'''
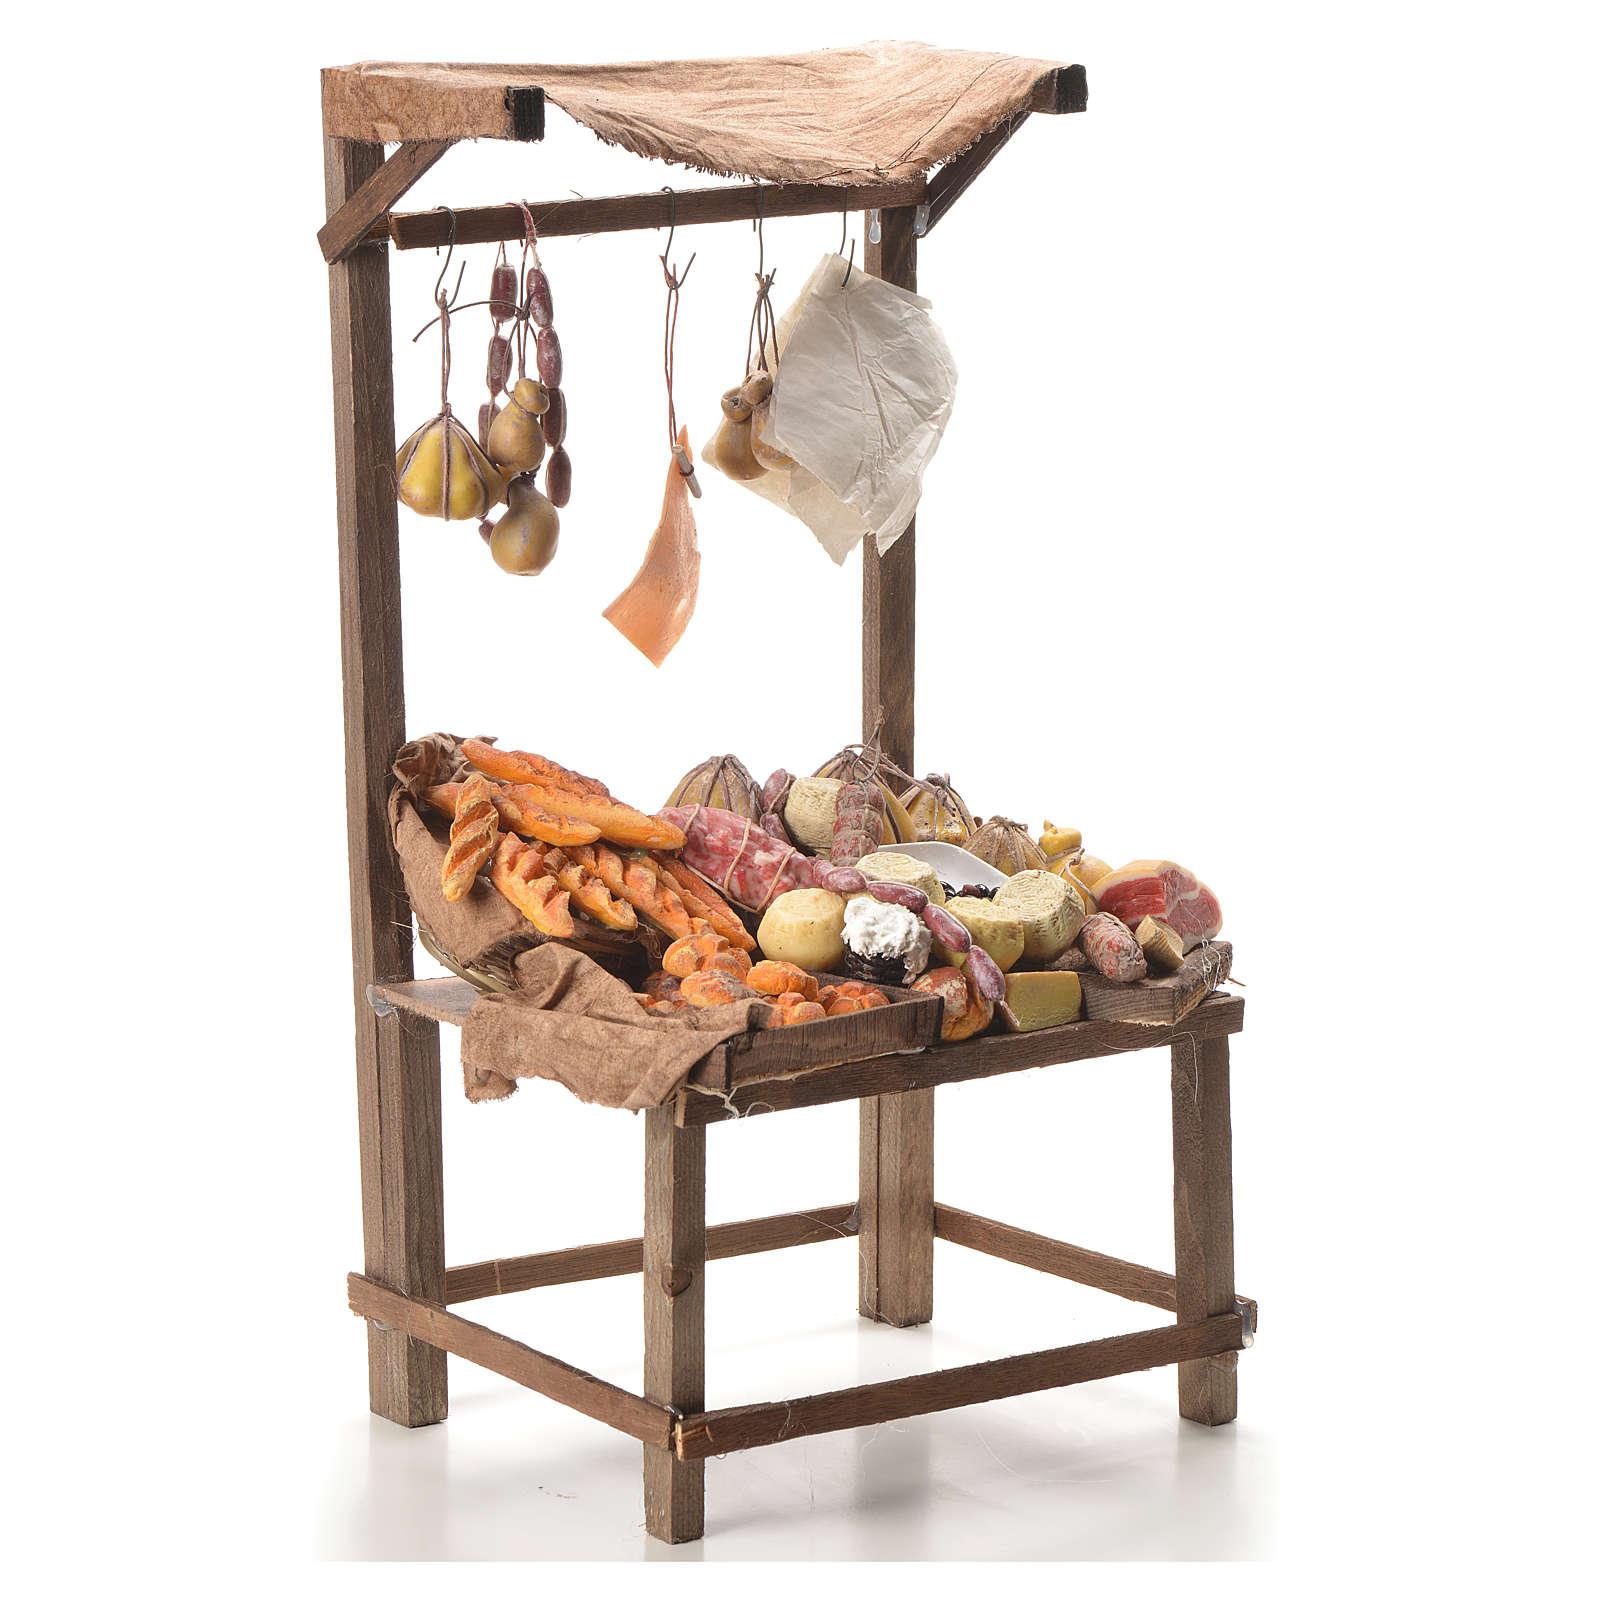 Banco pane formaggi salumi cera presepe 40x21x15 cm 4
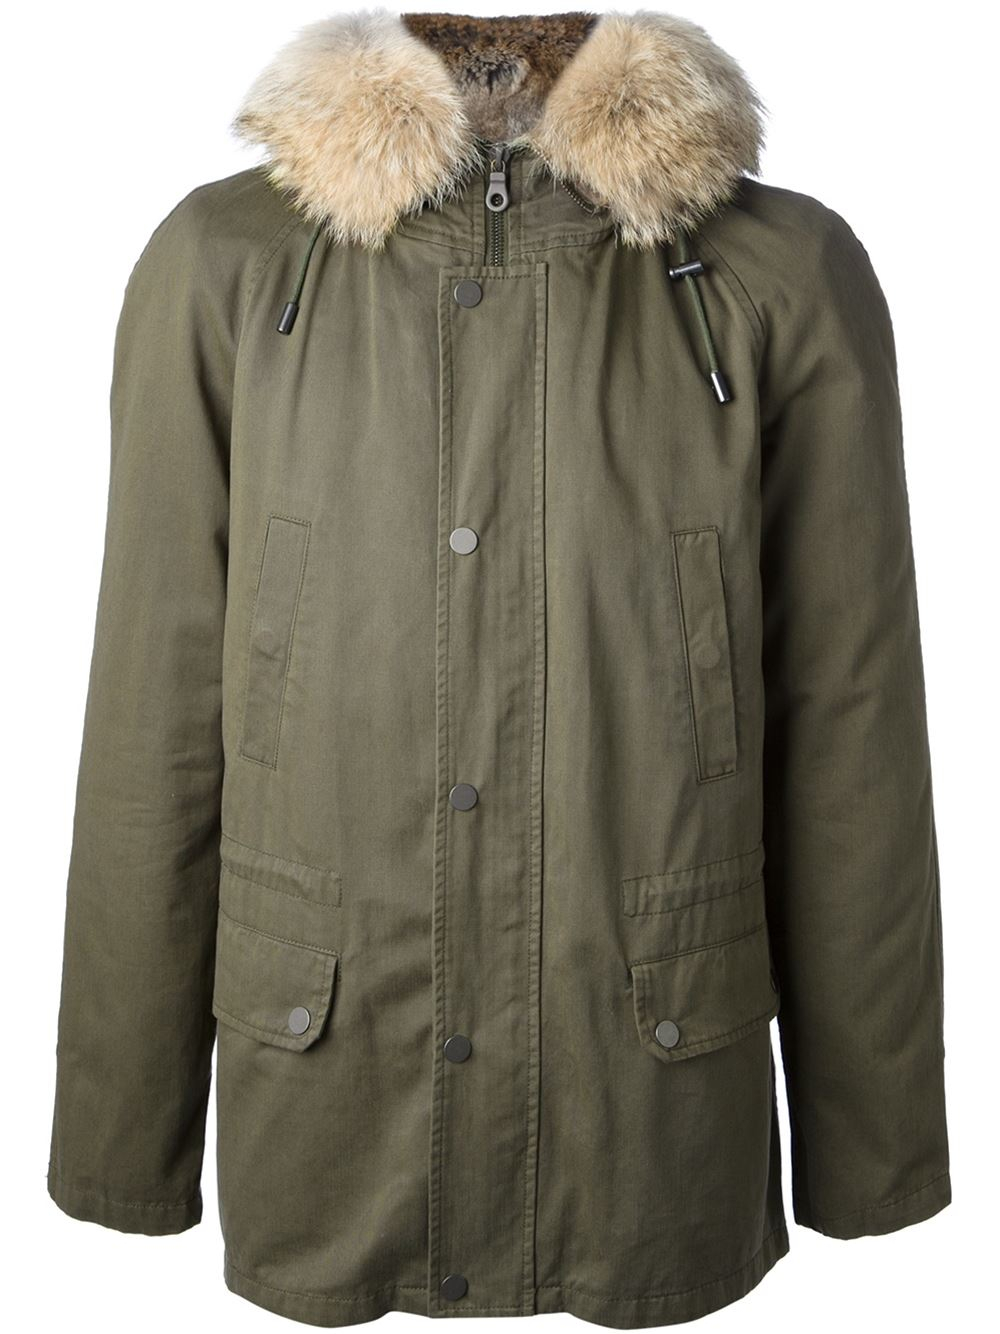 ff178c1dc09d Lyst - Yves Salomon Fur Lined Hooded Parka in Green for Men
'''
'''
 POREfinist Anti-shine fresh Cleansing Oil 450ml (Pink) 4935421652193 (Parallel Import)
'''
'''
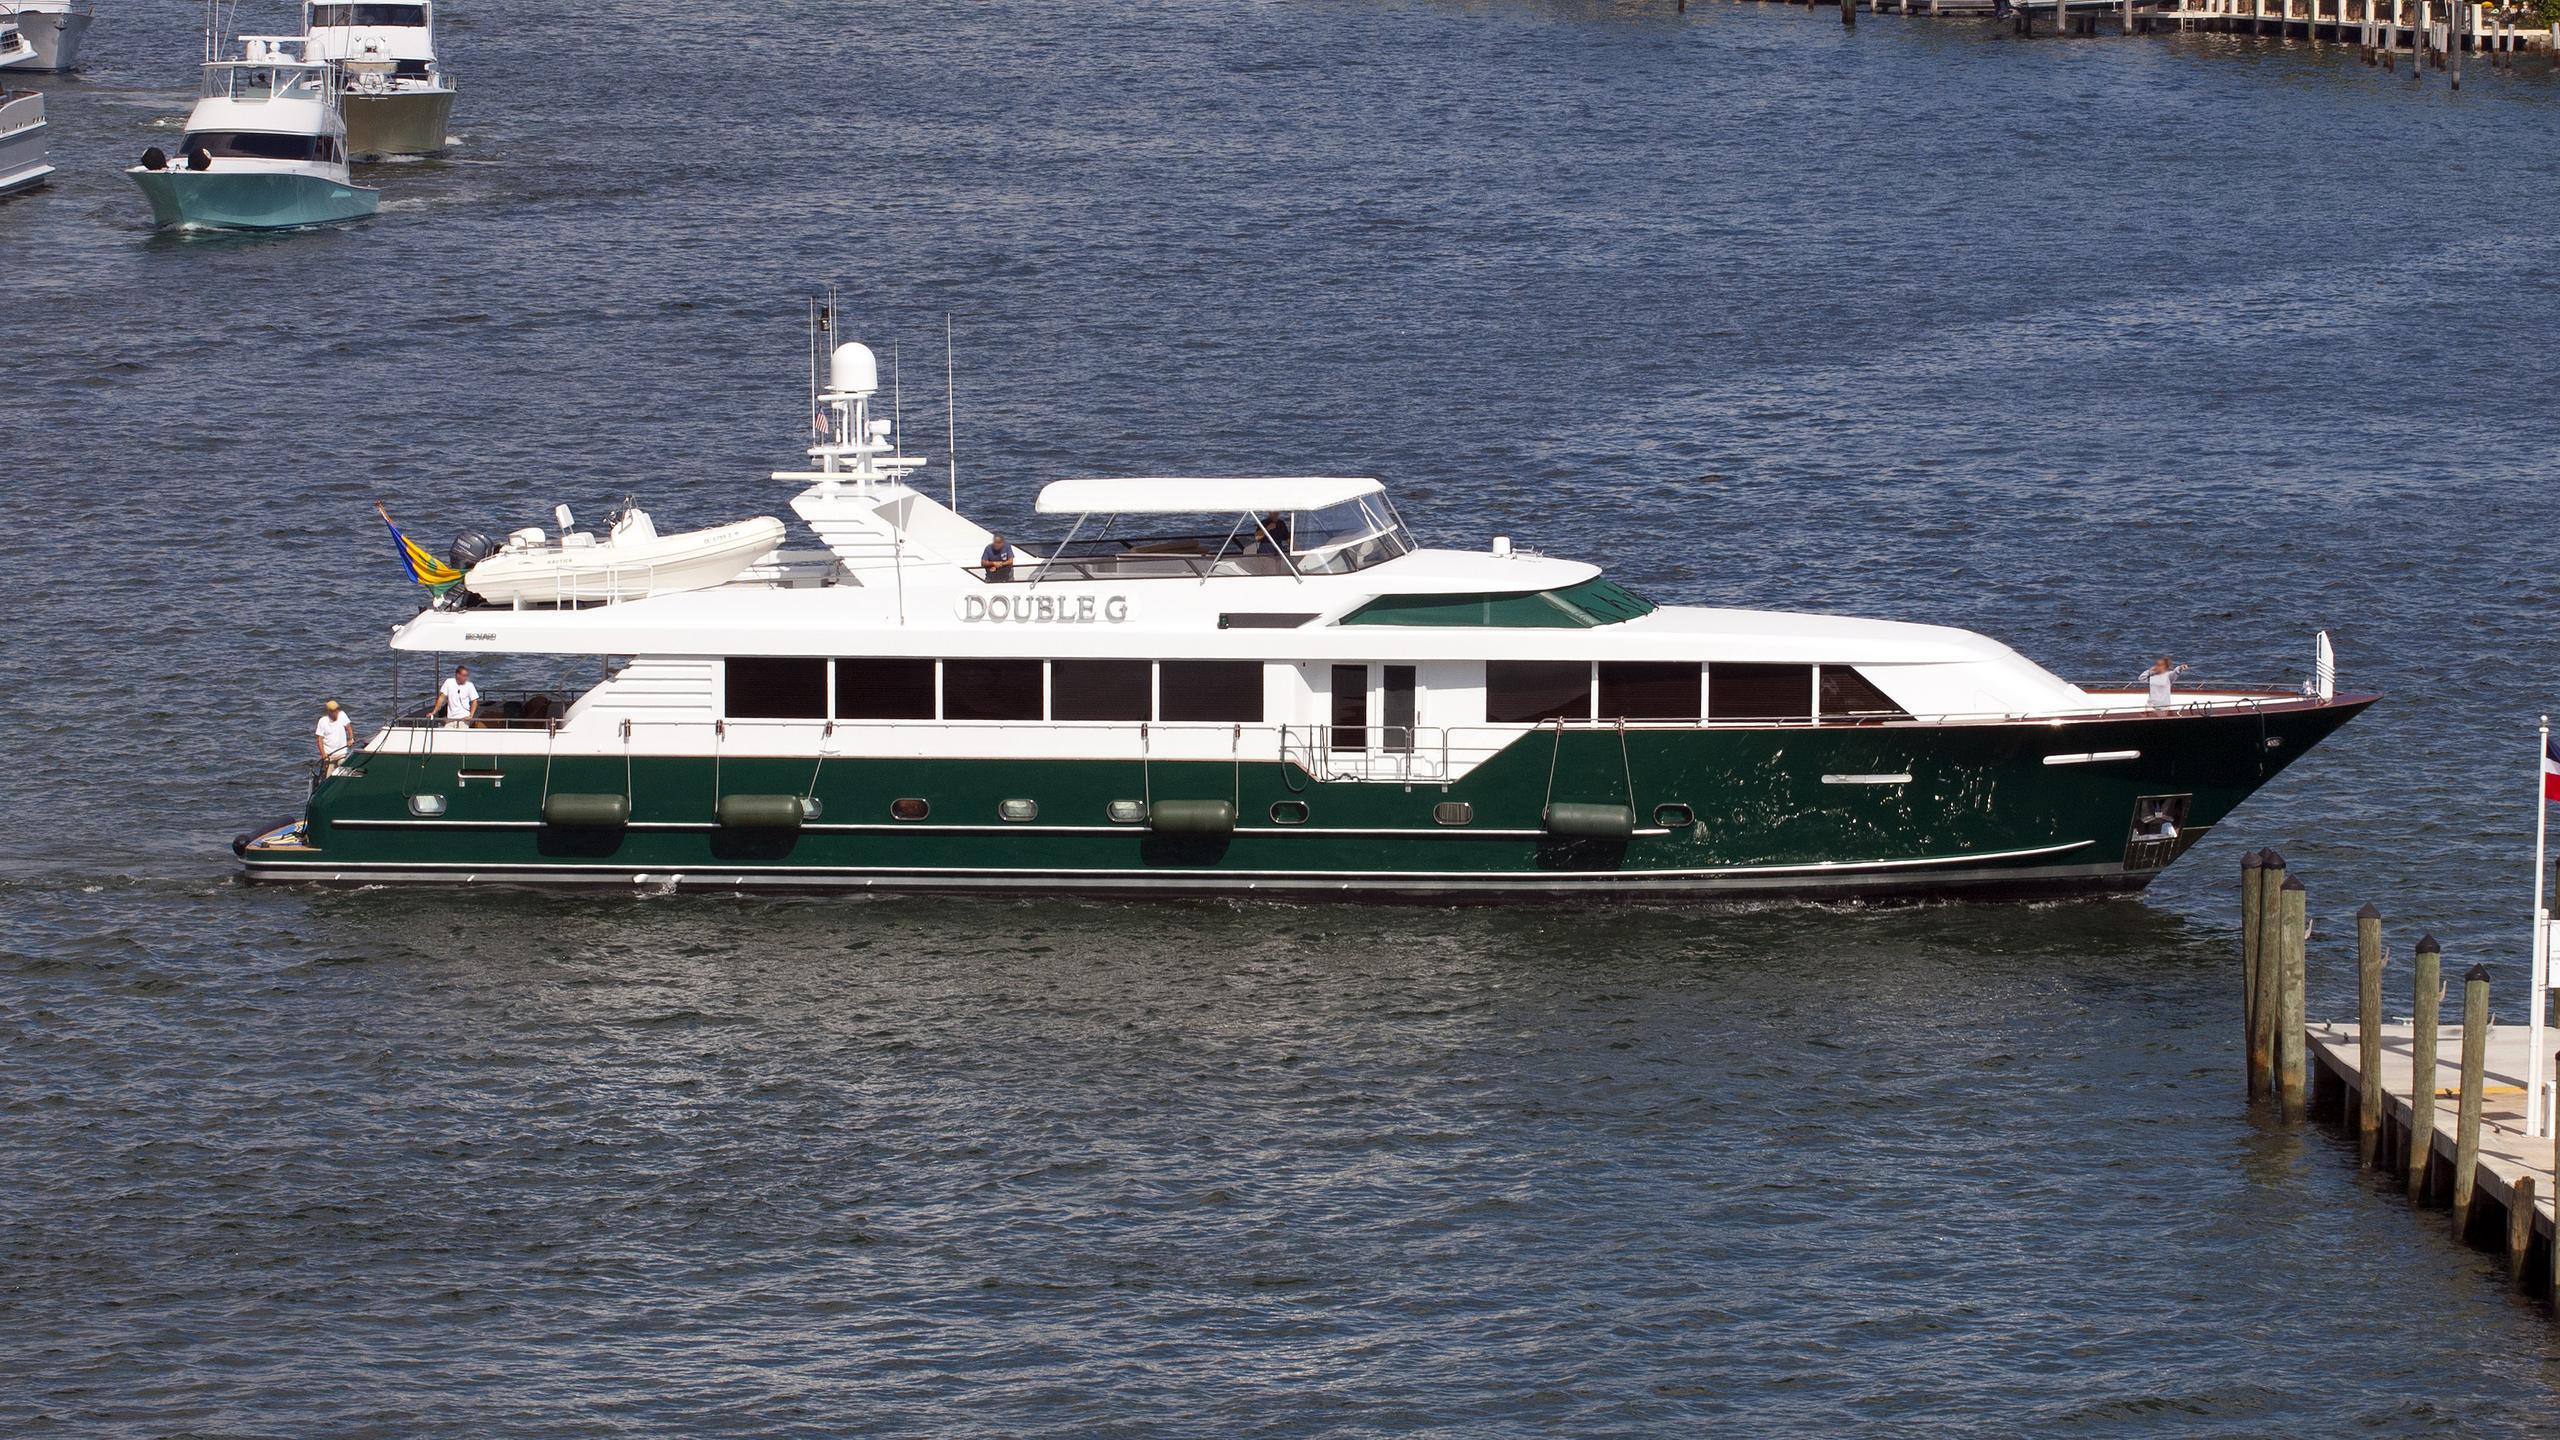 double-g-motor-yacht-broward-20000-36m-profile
'''
- **Task details**
In the material above, which lines fall between the one holding "Banco pane formaggi" and the one holding "ff178c1dc09d Lyst - Yves", inclusive? Print exactly those, with the pictures left out.

- **Result of the task**
 Banco pane formaggi salumi cera presepe 40x21x15 cm 4
 ff178c1dc09d Lyst - Yves Salomon Fur Lined Hooded Parka in Green for Men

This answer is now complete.